August 1, 2005 Half of all lung transplant patients don't live past the fifth year after the procedure, due in part to chronic rejection of the new organs. A new, inhaled form of a commonly used anti-rejection drug deliverers the drug faster and more precisely. Clinical trials show patients have an 84 percent better chance at surviving four years after the surgery.
BALTIMORE--Transplant surgery is always risky. Not just the surgery, but also living life after a transplant. A new treatment is helping some patients live longer, healthier lives.
Before Esther Suss received her lung transplant, late-stage emphysema -- a lung disease -- had her catching her breath. "I couldn't walk five blocks to go to lunch without having to use the oxygen," she says. "Even then I would be exhausted." Surviving several years after surgery, Suss is beating the odds, doing absolutely great.
Pulmonologist Aldo Iacono, of the University of Maryland Medical Center in Baltimore, says her success could be a result of a new inhaled form of a commonly used anti-rejection drug called cyclosporine. He says it improves survival five-fold.
After transplant surgery, the body can refuse the new lung in a condition called chronic rejection. But inhaling the drug has now been shown to halt this fatal condition in some patients. When it's taken orally, it has to be absorbed by the blood and circulated through the body. But after inhaling the drug, it's delivered directly into tiny airways critical for breathing. The inhaled medicine is a faster, more precise way of taking the anti-rejection medication.
Dr. Iacono says, "This should be a drug that provides substantial benefit to patients."
That's good news for Suss. "I got my life back, and it was worth it." She plans on breathing easier with her family for many more years.
Clinical trial results showed patients on the inhaled drug have an 84-percent better chance at surviving four years after surgery. For more information about the lung transplant program at the University of Maryland Medical Center, call 800-492-5538 or visit www.umm.edu.
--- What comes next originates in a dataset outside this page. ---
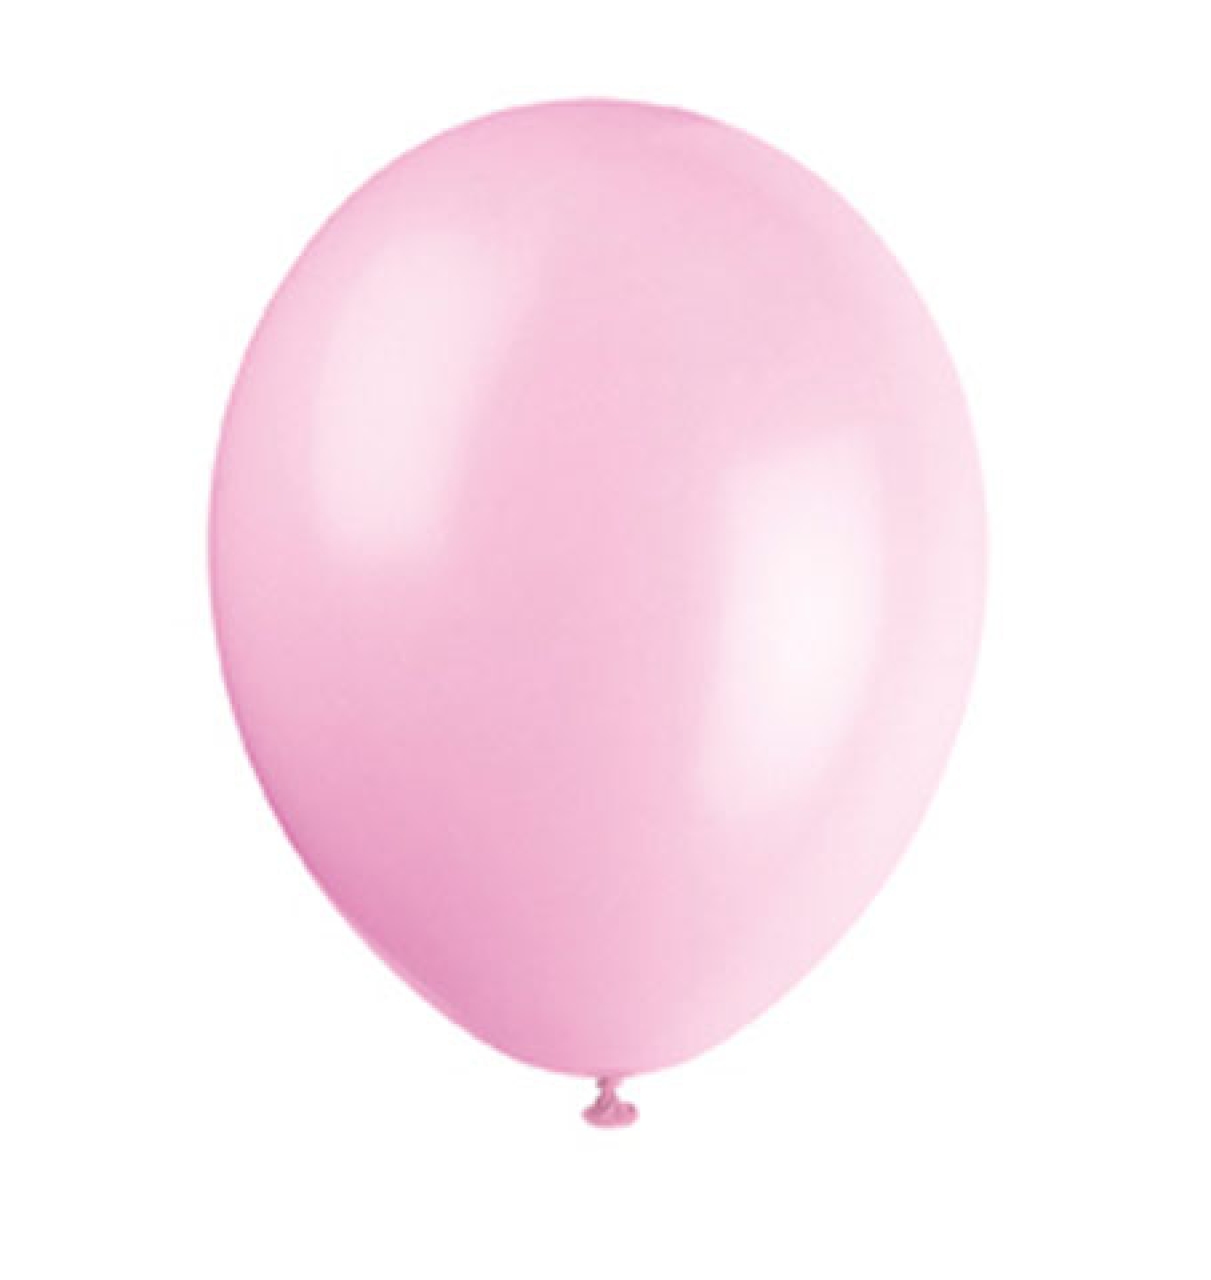 10 Party Luftballons, Farbe: Powder Pink, 30 cm
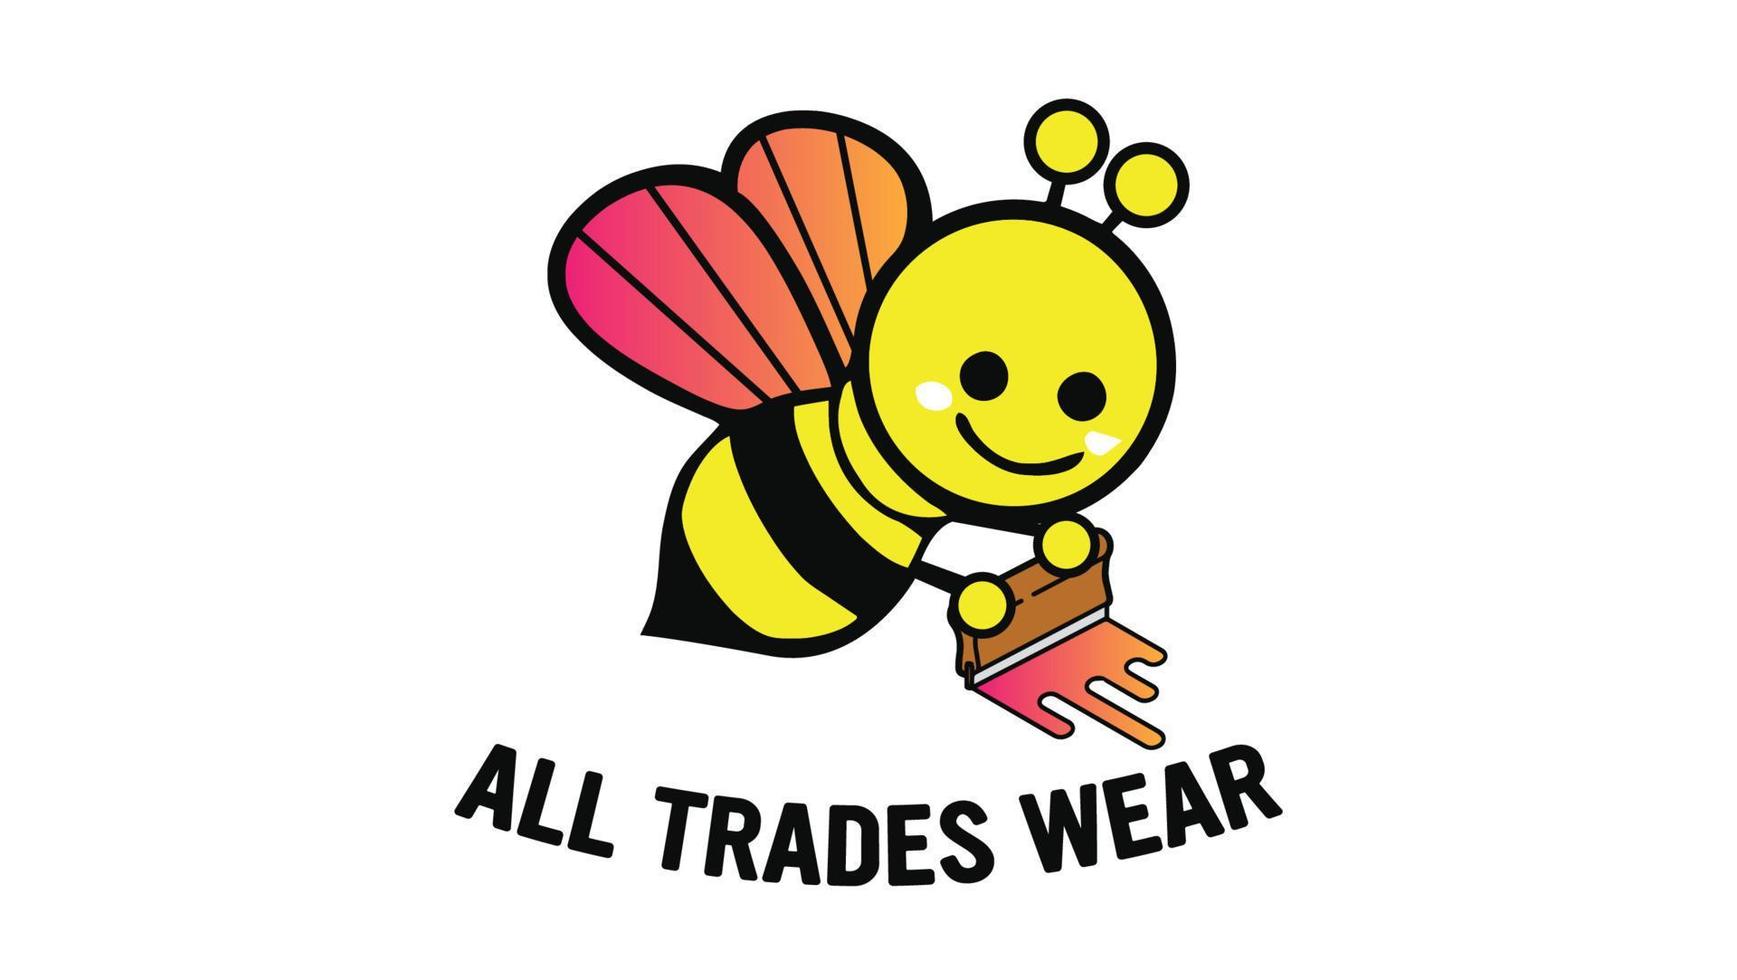 ilustrações de estoque de marcas de roupas de abelha ilustrações de estoque de marcas de roupas, clipart de vetores

BACKGROUND: A widely used pill that keeps the body from rejecting an organ transplant has been converted into an aerosol solution that can be inhaled. A recent study indicates that over four and a half years, 84 percent of patients on the inhaled medicine survived, compared to only 56 percent of those on a placebo.
THE PROBLEM: Compared to other organ transplants, long-term survival rates following a lung transplant have not increased much over the last decade or so. Seventy-five percent of people with a lung transplant survived for the first year, but only 45 percent lived for five years after the transplant. In comparison, more than 70 percent of heart, liver and kidney transplant patients now survive more than five years. Scientists believe this is because a transplanted lung must breathe in everyday impurities in the air, triggering a rejection response in the lung.
BENEFITS: The aerosol form of cyclosporine delivers the drug more effectively to the tiny sensitive airways of the lung, where the threat of rejection is most serious. It also solves a toxicity problem: patients are unable to take larger doses of the pill format because it can lead to kidney damage. But the inhaled version can be taken in much higher dosages without increasing the level of toxicity.
WHERE TO GET IT: Chiron Corporation has licensed the inhaled version of cyclosporine, which came on the market in July.
ABOUT LUNG TRANSPLANT REJECTION: Any organ transplant carries with it the risk that the recipient's immune system would reject the organ. The body identifies the donated lungs as a foreign invader and attacks the transplanted organ. There are different kinds of organ rejection. Acute rejection involves blood vessels in the lungs; it usually occurs in the first three months after a transplant, and can be treated with anti-rejection drugs like cyclosporine. Chronic rejection occurs in the airways and becomes more resistant to treatment over time.
Editor's Note: This article is not intended to provide medical advice, diagnosis or treatment.